9. A method for spatially resolved determination of the temperature of a bearing shell (5) according to one of claims 1 to 7, characterized in that broadband light is coupled into the optical fiber (15), the wavelength of a Bragg lattice site (19) reflected light is determined and determined from the determined wavelength, the temperature of the bearing shell (5) in the vicinity of the Bragg lattice site (19).

10. The method according to claim 9, characterized in that at least two Bragg grating sites (19) per optical fiber (15) are present, that the broadband light is coupled as a light pulse in the optical fiber (15) and that between the Bragg grating sites (19) due to the different duration of the Bragg gratings (19) reflected pulses is distinguished.

11. The method according to claim 9, characterized in that at least two Bragg grating sites (19) per optical fiber

(15) are provided such that the Bragg grating sites (19) are designed to reflect light in separate wavelength ranges, and that between the

Bragg grating points (19) is distinguished on the basis of the different wavelength ranges of the light reflected from the Bragg grating points (19).
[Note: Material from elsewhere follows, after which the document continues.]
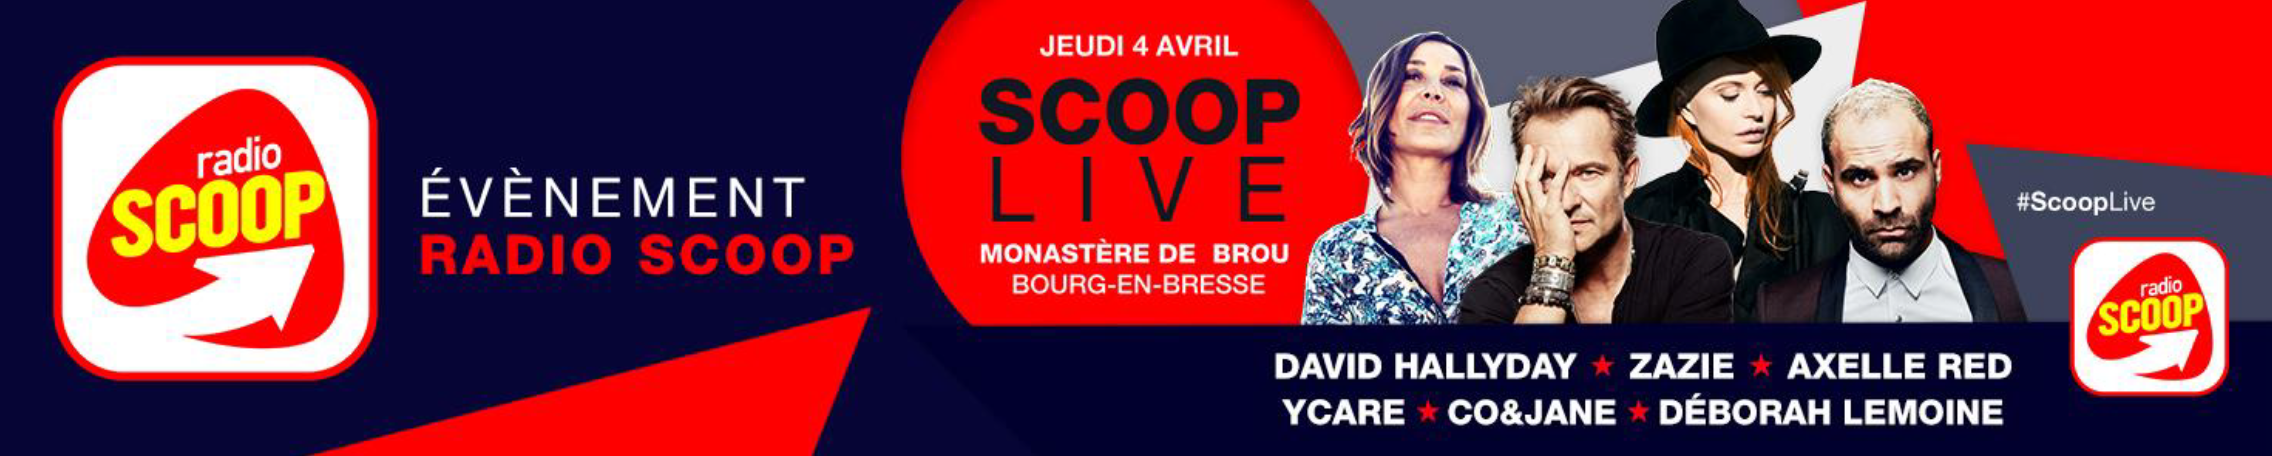 Radio Scoop : un Scoop Live à Bourg-en-Bresse

12. Temperature measuring device for spatially resolved determination of the temperature of a bearing shell (5), in particular for a radial sliding bearing (3), wherein the temperature measuring device comprises: a broadband light source (21),

at least one optical fiber (15) extending through the bearing shell (5),

- A coupling device (27) for coupling the light of the light source (21) in the optical fiber (15), and

a decoupling device (27) for decoupling light reflected in the optical fiber (15), characterized in that

- The at least one optical fiber (15) has at least one Bragg lattice site (19) at which in the optical

Fiber (15) coupled-in light is reflected as a function of wavelength,

- A spectrometer (39, 41, 43) is provided, which is supplied to the decoupled light for determining its wavelength and which outputs a wavelength signal representing the detected wavelength, and

- An evaluation unit (45) coupled to the spectrometer (39, 41, 43) for receiving the wavelength signal is provided for determining the temperature of the Bragg grating location (19) from the received wavelength signal.

13. Temperaturmessvorichtung according to claim 12, characterized in that

- Each optical fiber (15) has at least two Bragg gratings (19)
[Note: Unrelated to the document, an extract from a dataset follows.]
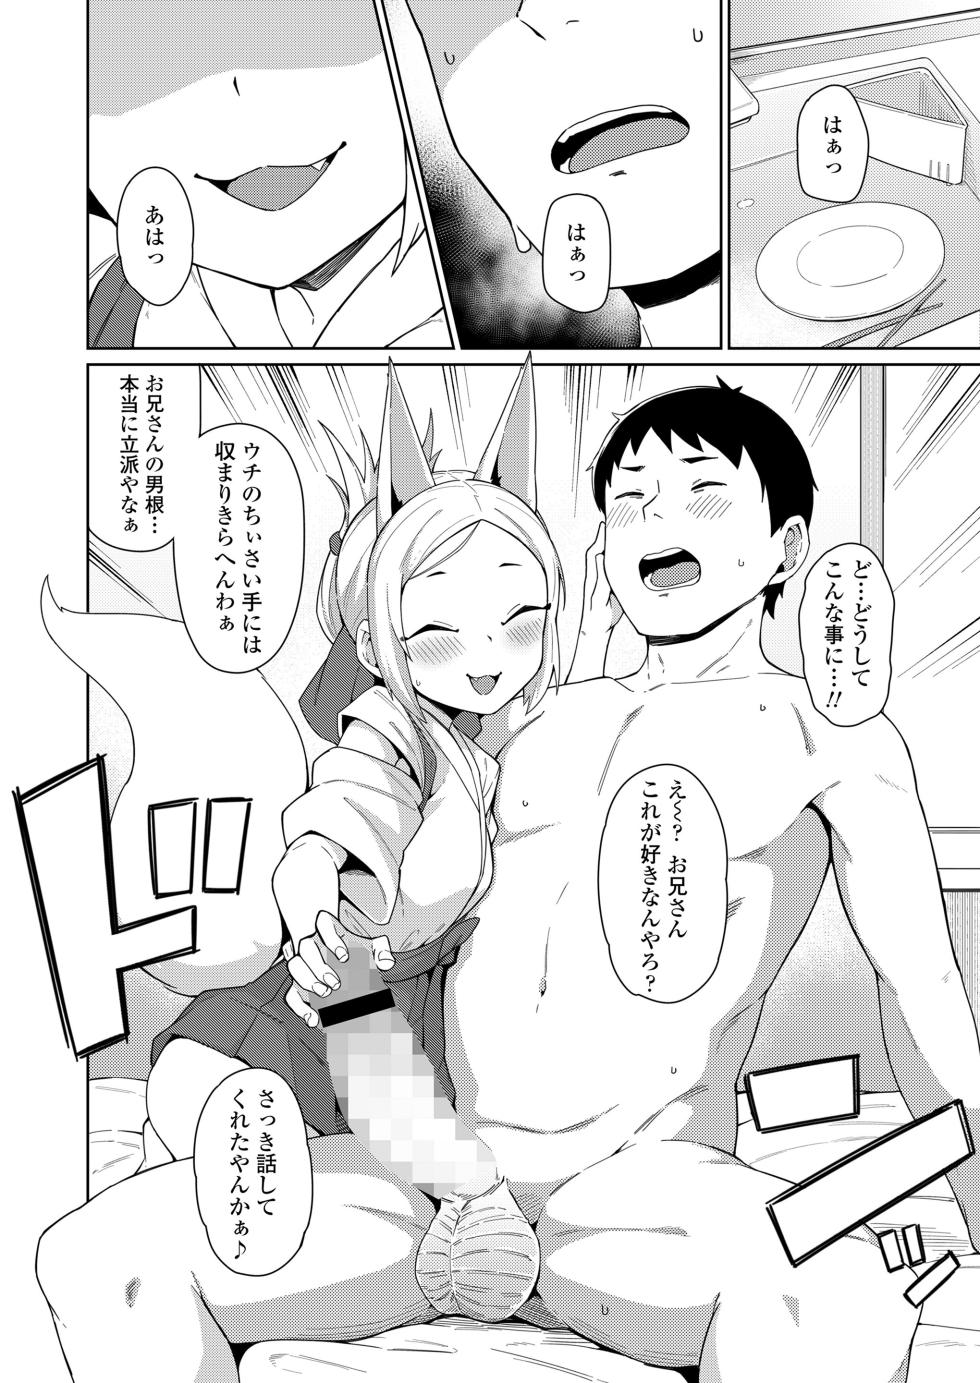 Towako 16 [Digital] - Page 32

- For each Bragg lattice site (19) an evaluation channel is present and

- There is a multiplexer (31) which assigns light reflected by a Bragg grating point (19) to the respective output channel.

14. Temperaturmessvorichtung according to claim 13, characterized in that

- The light source (21) is a pulsed operable light source or a modulation device is provided, the

Modulating the light emitted by the light source (21) is designed, and - The multiplexer is a time multiplexer, which assigns the reflected light pulses on the basis of their duration to the respective evaluation channel.

15. Temperaturmessvorichtung according to claim 13, characterized in that

- The Bragg grating sites (19) are designed to reflect light in separate wavelength ranges, and - the multiplexer (31) is a wavelength division multiplexer which transmits the light reflected from the Bragg grating sites (19) on the basis of the wavelength assigns each evaluation channel.